Ante esta realidad, surge una pregunta inevitable. ¿Cómo detectar que está en riesgo? No hay una respuesta única, pero sí señales que pueden alertar. Más que fijarse en un síntoma concreto, Adriana insiste en observar los cambios en los hábitos, en las relaciones, en la conducta o en funciones básicas como el sueño.

Pero más allá de observar, hay una acción fundamental que sigue generando resistencia: preguntar. Y sin embargo, puede ser determinante. «Muchas veces no lo han hablado con nadie porque no se lo han preguntado». El miedo a la respuesta es real, incluso entre profesionales. “Todavía me tiemblan las manos cuando hago esta pregunta”, reconoce Adriana. Pero ese paso es necesario para poder intervenir y acompañar.
Cuando la respuesta es afirmativa, aparece otra dificultad, el cómo actuar. En este punto, la psicóloga insiste en que no se trata de tener la solución inmediata ni la frase perfecta. A menudo, el error está en intentar aliviar rápidamente el dolor o por lo menos minimizarlo. Frases como «con todo lo bueno que tienes» pueden aumentar la culpa y es aislamiento.
La clave está en validar la emoción sin validar la conducta, en escuchar sin juzgar. En generar un espacio donde la persona pueda expresar lo que siente. «Qué difícil tiene que ser sentirse así. Cuéntame», propone Adriana como ejemplo.
Ese acompañamiento, aunque parezca sencillo, tiene un enorme valor. Porque rompe el aislamiento y devuelve algo esencial: la sensación de no estar solo.
En los casos de mayor riesgo, será necesario acudir a ayuda profesional y evitar que la persona permanezca sola.
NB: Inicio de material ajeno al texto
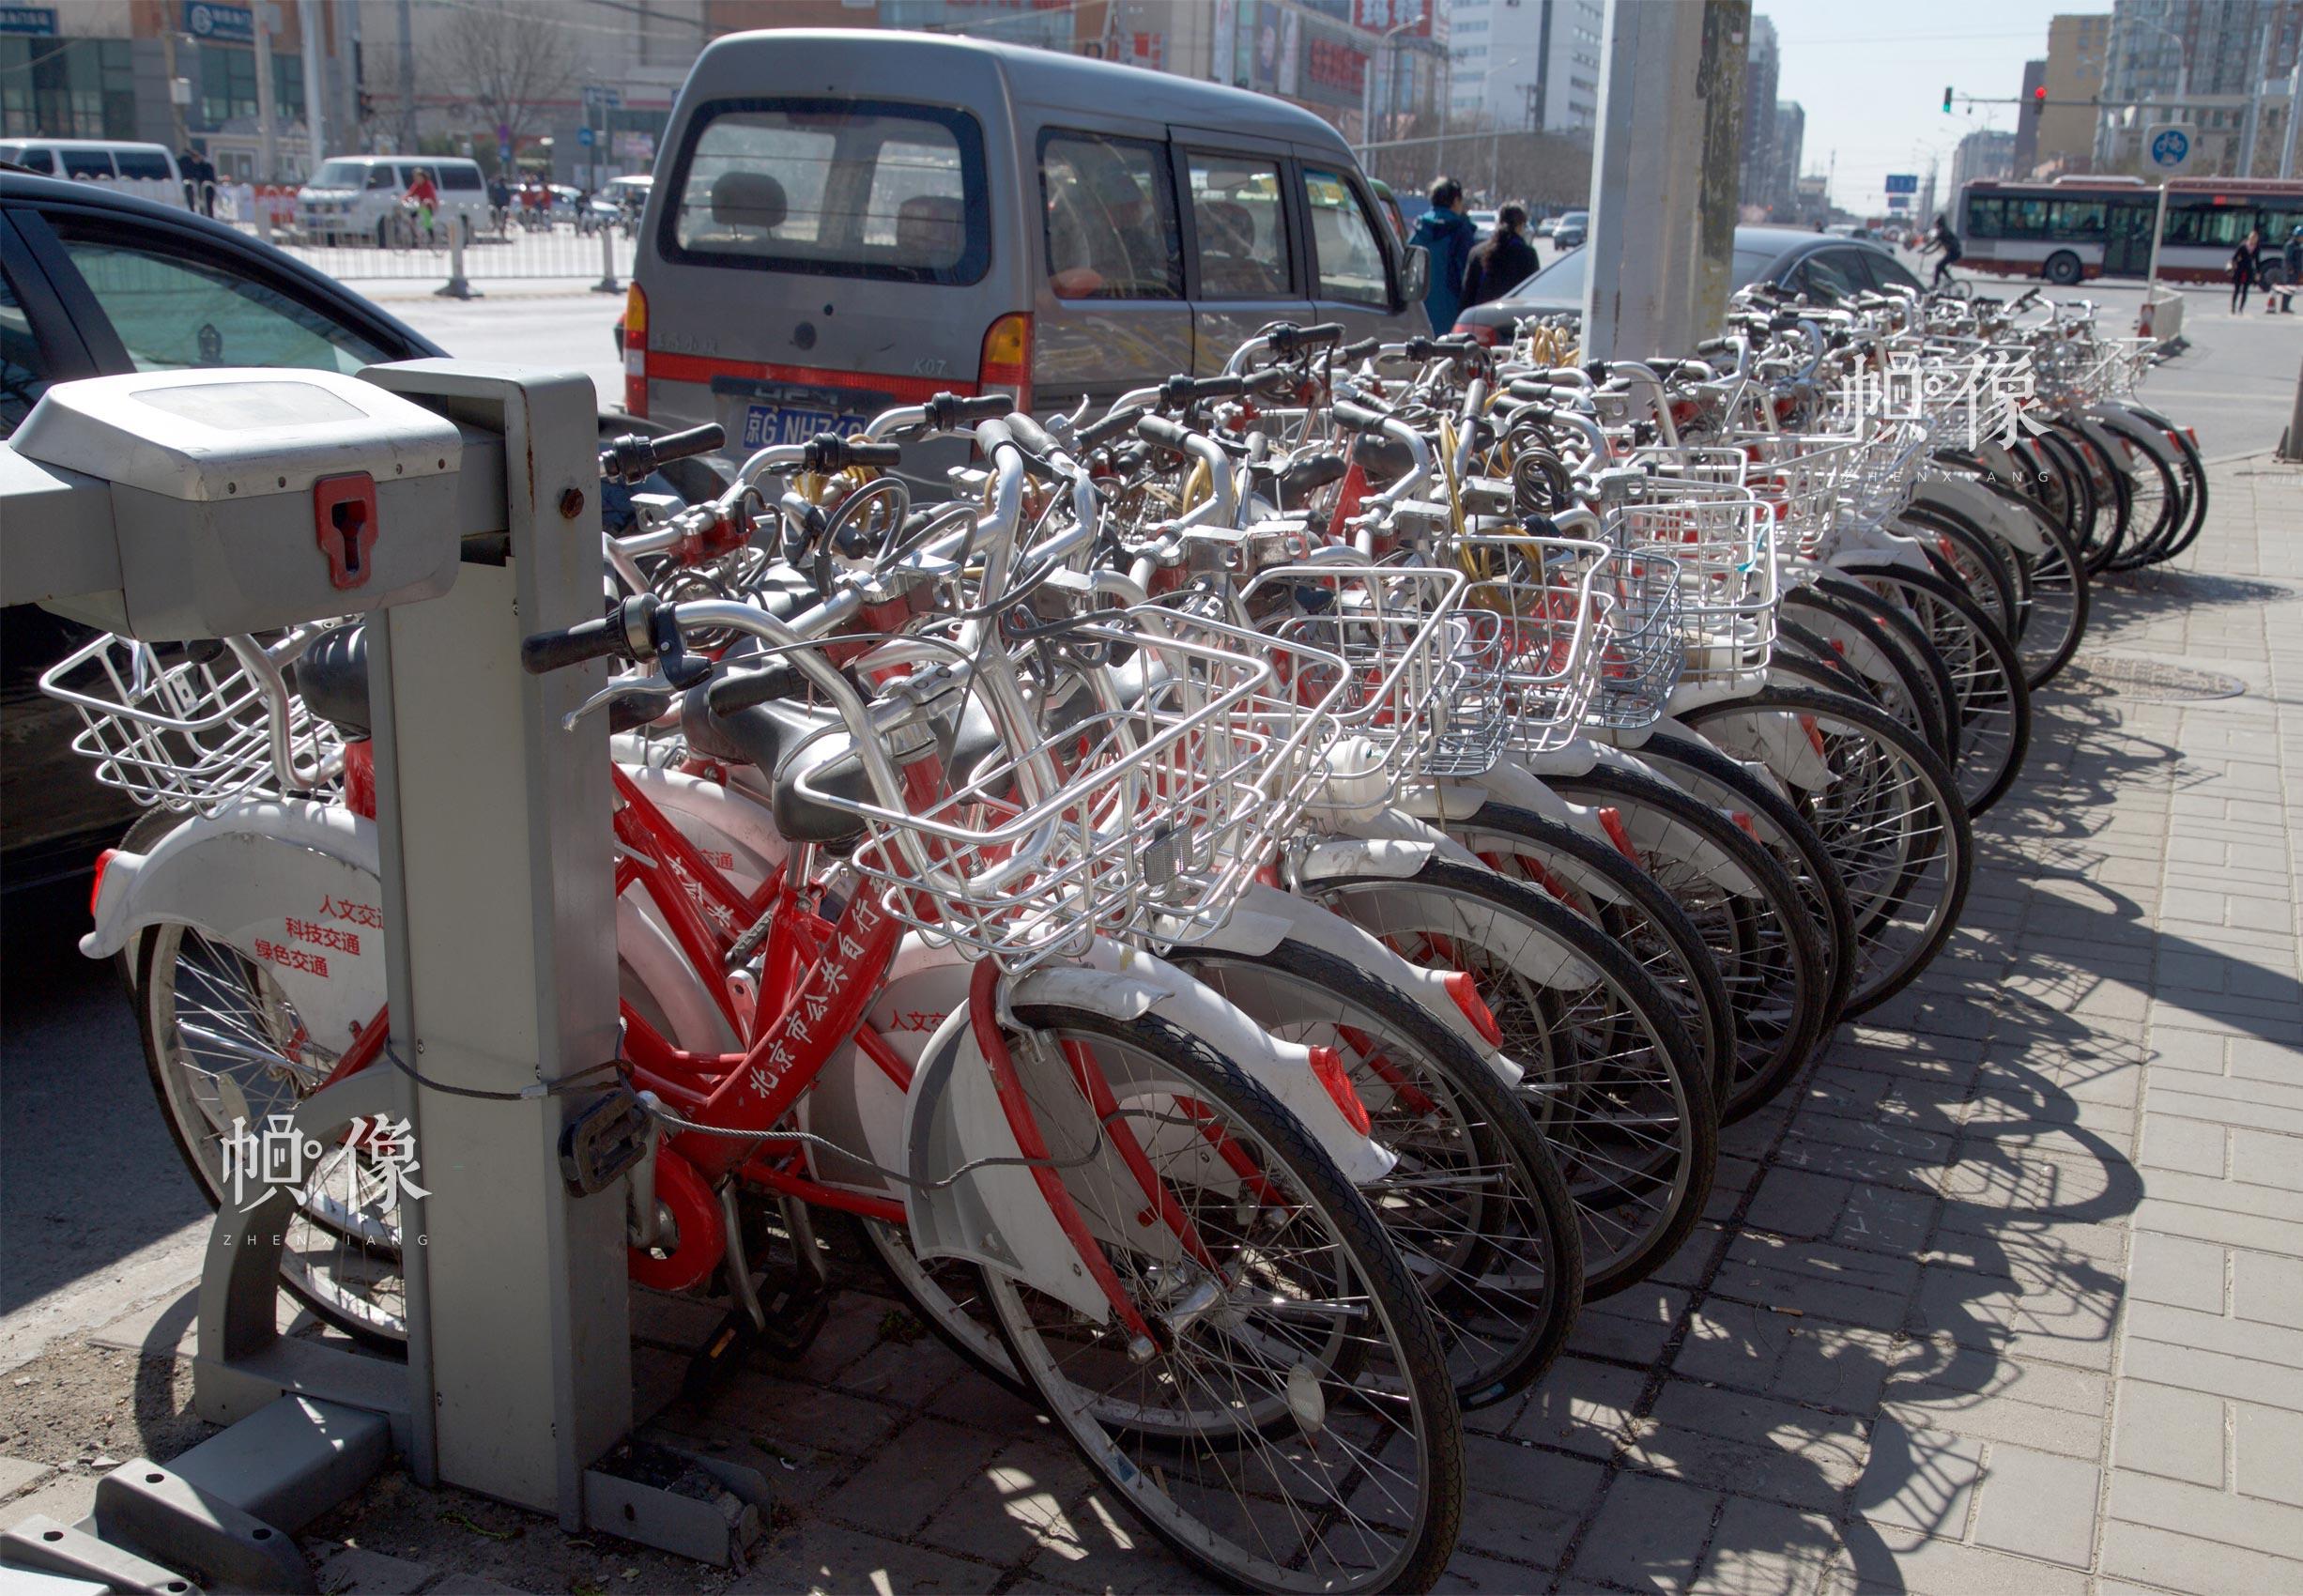 受共享单车的冲击,北京市政公共自行车的使用率有所降低,大量车辆闲置在路边。中国网记者 高南 摄

Pero, en muchos otros, la presencia cercana ya marca una diferencia significativa. «Aunque estemos en silencio, saber que tenemos a alguien al lado ya es mucho».
El abordaje de la conducta suicida no es solo una cuestión clínica. Es también una responsabilidad social. «Es un sufrimiento humano y como tal somos todos corresponsables», concluye. Hablar de suicidio no es fácil. Requiere cuidado, sensibilidad y responsabilidad. Pero también es necesario. Porque el silencio no protege: invisibiliza.